Из Тифлиса езжал он и подолгу гащивал в полковой квартире Раевского, откуда привозили подобные же вести: генерал принимает подчиненных в мундирах, вытянутыми в струнку, а из соседней комнаты в ночном белье пробирается этот странный человек, которого по всем правам обязаны почитать. А он вот этого-то самого от наших грузин и не хочет, несмотря на то, что все хорошо знали, что он народный поэт. Не вяжется представление: не к таким видам привыкло. Наши поэты степеннее и важнее самых ученых. Поэт должен сидеть больше дома и, придя в гости, молчать, он обязан, ценить каждое свое слово на вес золота и на площадях и на ветер речи свои не выпускать. Каждое его изречение непременно должно выражать собою практическое правило, и чем лучше и красивее та форма, в которую оно облекается, тем поэт почетнее и уважение к нему больше. Надо это видеть у мусульман, например, у персов, особенно по большим праздникам, когда целою компанией - являются к почетным людям с обязательным поздравлением все эти улемы и муллы. С непривычки подумаешь, что это рассажены статуи или языческие боги с поджатыми ногами - до того они степенны и неподвижны. Кажется, не волнуют их подставленные под нос подарки, не смущают сладкие и лакомые угощения. Если и новый гость войдет в это время, они, по-видимому, и на него не обращают никакого внимания. Ни один не изменяет себе предательскою чертой на лице в сосредоточенности помыслов даже и тогда, когда понесет под мышками и в руках предложенные ему подарки. А тут - помилуйте! - совсем наоборот: перебегает с места на место, минуты не посидит на одном, смешит и смеется, якшается на базарах с грязным рабочим муштаидом и только что не прыгает в чехарду с уличными мальчишками. Пушкин в то время пробыл в Тифлисе в общей сложности всего лишь одну неделю, а заставил говорить о себе и покачивать многодумно головами не один год потом. Это я очень хорошо помню.

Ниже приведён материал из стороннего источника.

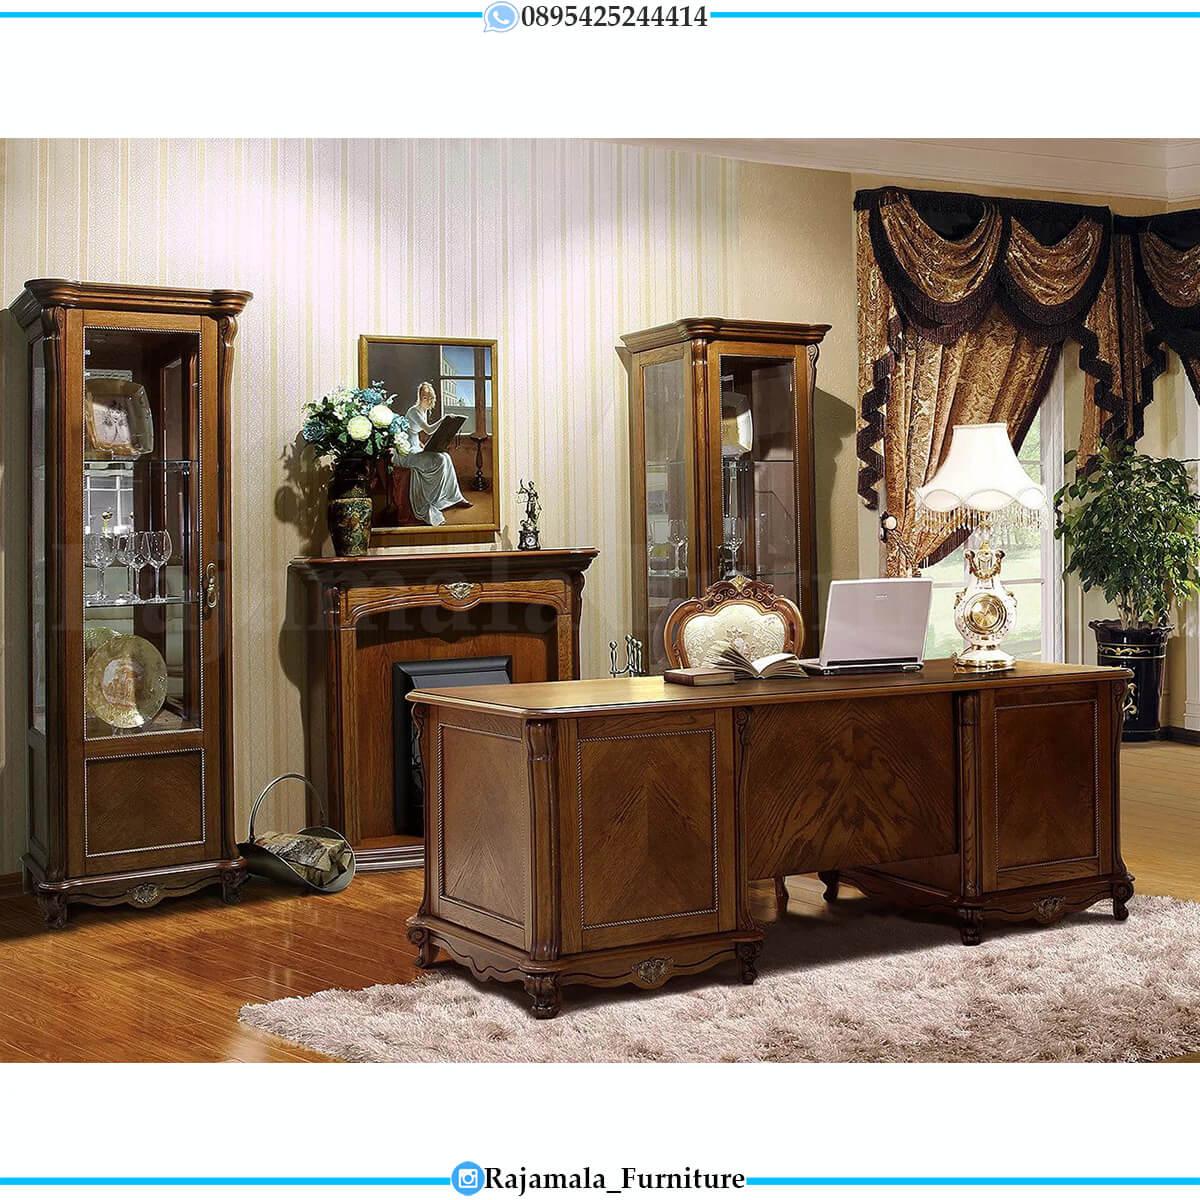 Comfortable Design Meja Kantor Mewah Luxury Classic Jati Perhutani RM-0576
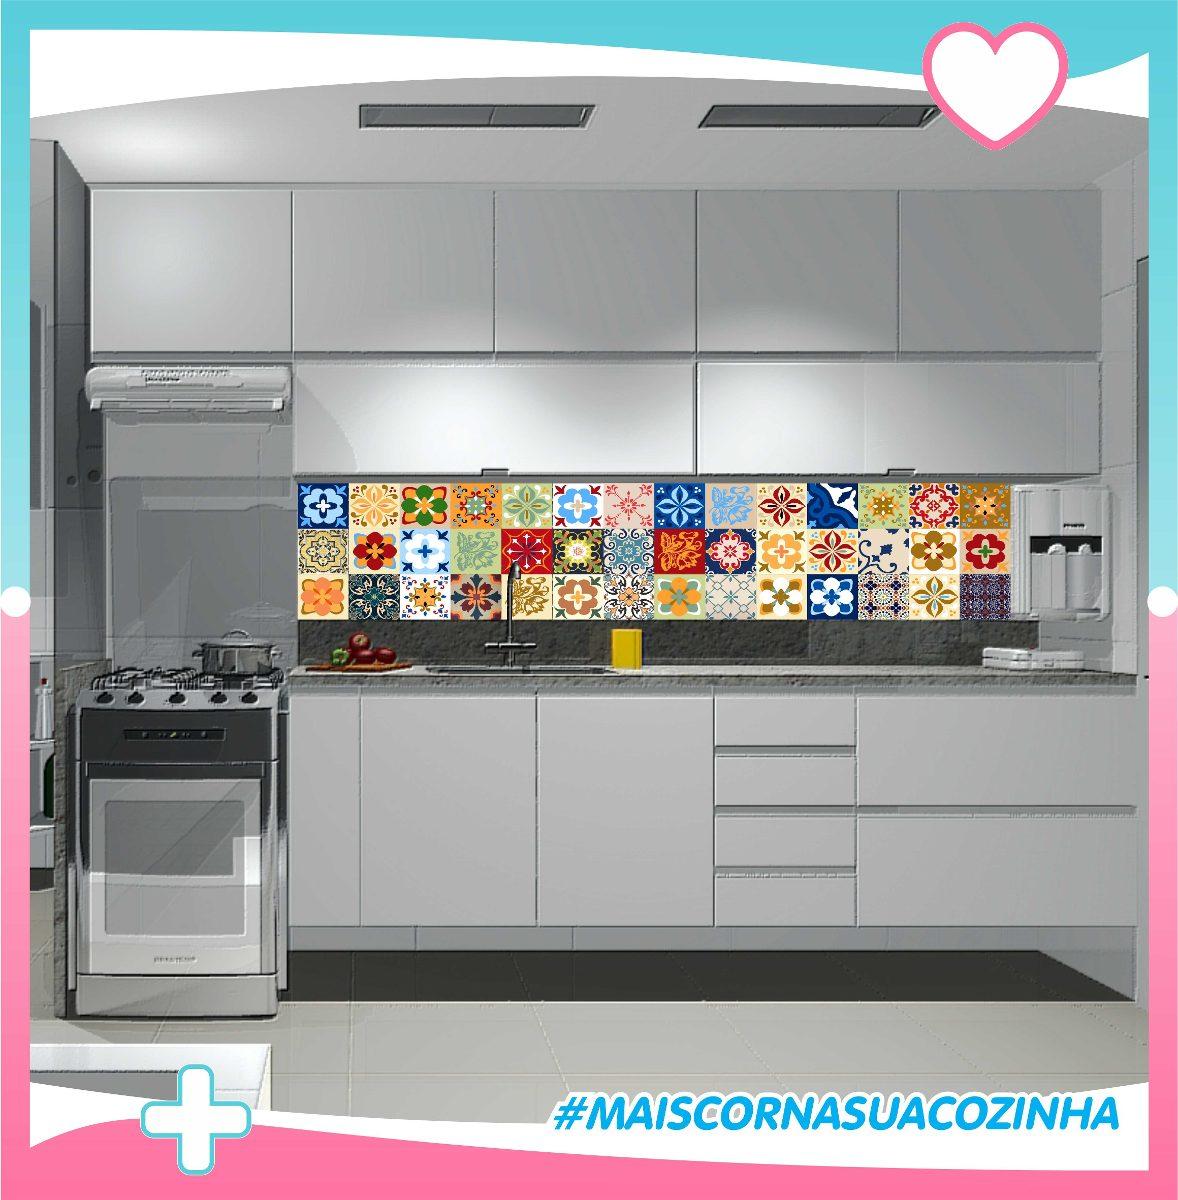 Adesivo Ladrilho Hidrulico Azulejo Portugues De Cozinha

Кстати, князь вспомнил также и эпиграмму на капитана Борозду * и, полагая ее неизвестной, повторил с комментариями, рисующими личность, с той поры всем известную.
Совсем другое впечатление произвел тезка Пушкина, А. С. Грибоедов, бывший в Тифлисе гораздо больше, но раньше его.
- Я,- говорил князь, - как теперь вижу его большие выкатившиеся глаза и умные беседы, которыми он очень очаровывал, будучи радушно принят во всех лучших домах. Он - секретарь персидской миссии, он недавно исполнил поручение - переселял армян в Россию, он - чиновник по дипломатической части при великом Ермолове, - чего еще больше? Когда арестовали Рылеева, в его бумагах нашли письма Грибоедова. Ночью тайно схватили его и увезли в Петербург. Он успел оправдаться и вернулся назад с рассказами. Шепотом толковали о том, что в Петропавловской крепости сидел он, отделенный дощатою перегородкой, рядом с тем жидом, который держал по подряду почту для сношений южного общества соединенных славян с северным петербургским тайным обществом. Жид до того явно трусил, что неистовые порывы его оробелого духа не только были слышны, но и надоели соседу. Он стал высказывать всем свое твердое намерение написать комедию "Жид в тюрьме". Исполнил ли?
Перед близкими людьми Грибоедов шутливо оправдал свою невинность и непричастность к заговору тем, что написал "Горе от ума" с прозрачными намеками, которые не умели-де понять, а в Чацком могли бы заподозрить любого либерала из вернувшихся из-за границы молодых гвардейцев того времени... Аббас-Мирза... знаменитый тем, что оставил по себе 26 дочерей и 24 сына, также и тем, что бесплодно и безнадежно старался водворить в Персии европейское образование, получил за последнее стремление от Грибоедова похвальные стихи, написанные на чистом фарсидском наречии, и наградил его орденом Льва и Солнца {Здесь в сообщении князя неточность: Грибоедов был награжден этим орденом 2 степени за переселение армян из Персии в Россию. (Примеч. С. В. Максимова.)}. По возвращении в Тифлис Александр Сергеевич выпросил у Паскевича позволение жениться. Ему, на счастье, досталась красавица Чавчавадзе, за которую раньше сватался племянник Ермолова, но суровый и строгий генерал не любил, чтобы в боевой армии его находились женатые офицеры, а потому не позволил и расстроил брак. Вот почему и уцелела для Грибоедова эта красавица, Нина Александровна, которую он и увез с собою в Тегеран, отправившись туда посланником и на смерть. Сестра его желала иметь землю с могилы брата, и я ее в мешочке вручил ей в Москве, через которую провожали меня в ссылку, в финляндские батальоны.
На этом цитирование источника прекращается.